# SDX12 Sealed Box



## BrianBuan (Apr 9, 2013)

I would like to build a subwoofer with an SDX12 in a sealed box I was thinking of using the BASH 500W Amp. I have been given specs from Bob at CSS they are as follows:

Fs: 21.3
Re: 3.72
Le: 1.38
Qes: .414 
Qms: 3.962
Qts: .374
Vas: 67.47
Sd: 490.9
BL: 18.38
Mms: 275.9
SPL: 84.01
Xmax 28mm

I have tried to make WinISD utilize these parameters to show me what the optimal enclosure size would be but am having difficulty. It keeps giving me error messages and won't let me even close the program I have to unistall it to close.

Can someone help me here?


----------



## fusseli (May 1, 2007)

Welcome to HTS!

It looks like 1.0cuft would be ideal sealed performance, and if you wanted the smaller you could try down to 0.6cuft and make sure it's fully stuffed.


----------



## 9niceFinish (Feb 22, 2013)

.60 cu.ft ???? For a 12" sub ???? That is almost impossible . How is the sub even going to fit I the box!!!! I just built a set of Speakers in .5 cu.ft box!!!

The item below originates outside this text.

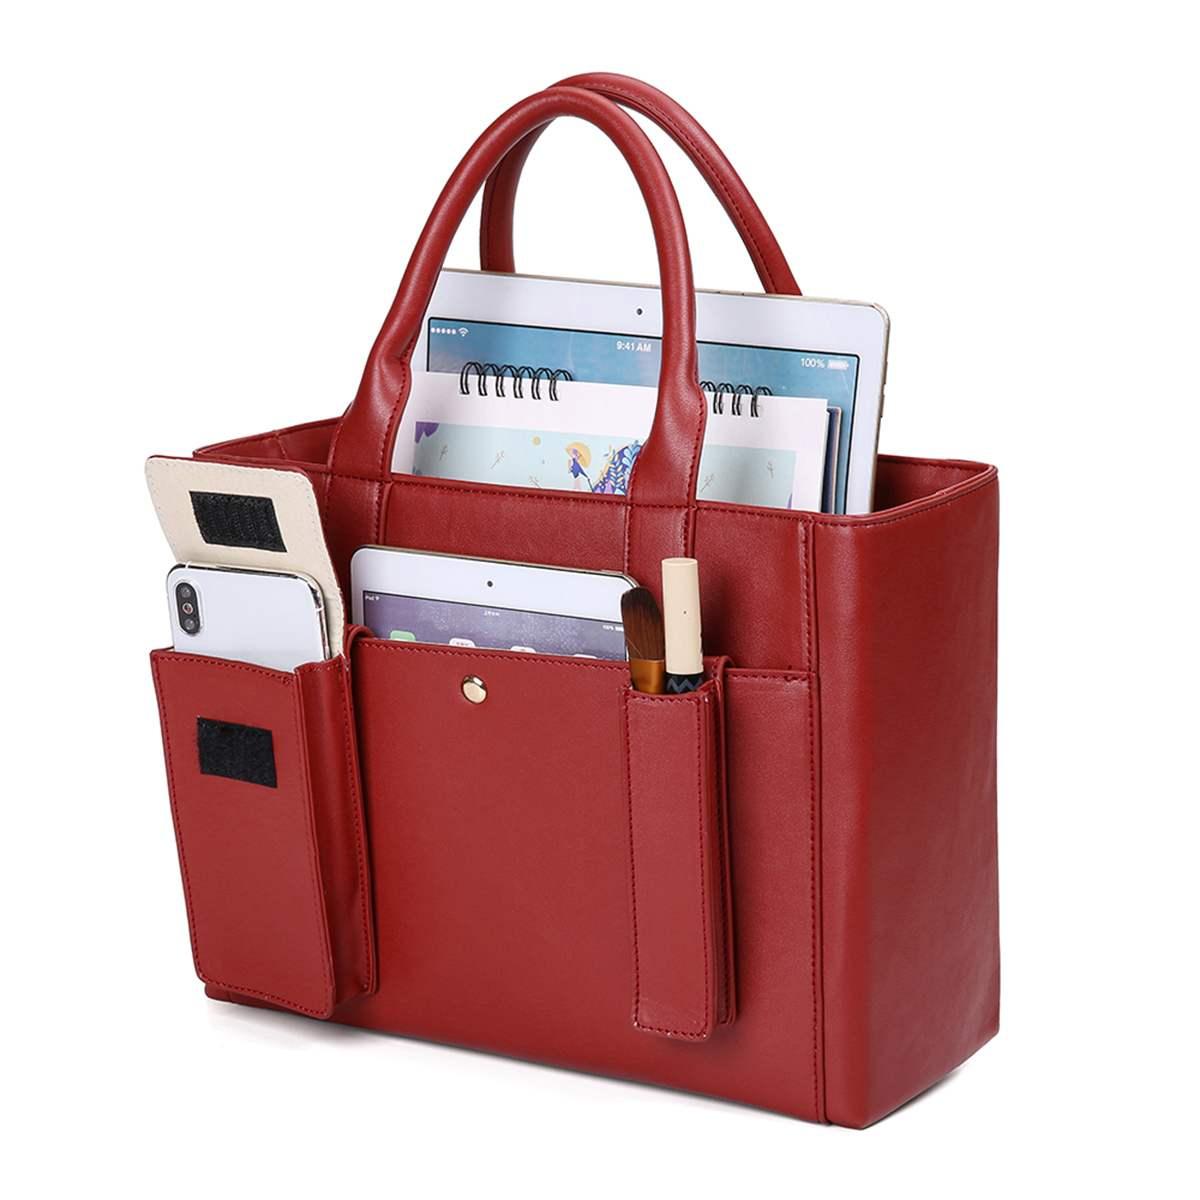 3IN1 Fashion Women Handbag Simple Women Hand Bag Female Organize Bag Leather Multifunction Shoulder Bag Lady Tote Feminine Bolsa

Anyway check the member build thread you are not the first person to build this sub. If you have some dimension restrictions then post them up and there are plenty of people that can help you out!!!


----------



## Creative Sound (Mar 29, 2007)

Hi,

I'm behind in getting things up but look at the new DUET items on the website. There is modeling for both 15" and 18" sealed cubes with 4 different plate amps.

Duet SDX12A
Duet SDX12B
Duet SDX12C
Duet SDX12D

Bob


----------



## fusseli (May 1, 2007)

9niceFinish said:


> .60 cu.ft ???? For a 12" sub ???? That is almost impossible . How is the sub even going to fit I the box!!!! I just built a set of Speakers in .5 cu.ft box!!!
> 
> Anyway check the member build thread you are not the first person to build this sub. If you have some dimension restrictions then post them up and there are plenty of people that can help you out!!!


A 13"-14" cube with bracing would be pretty close to 0.6cuft net.


----------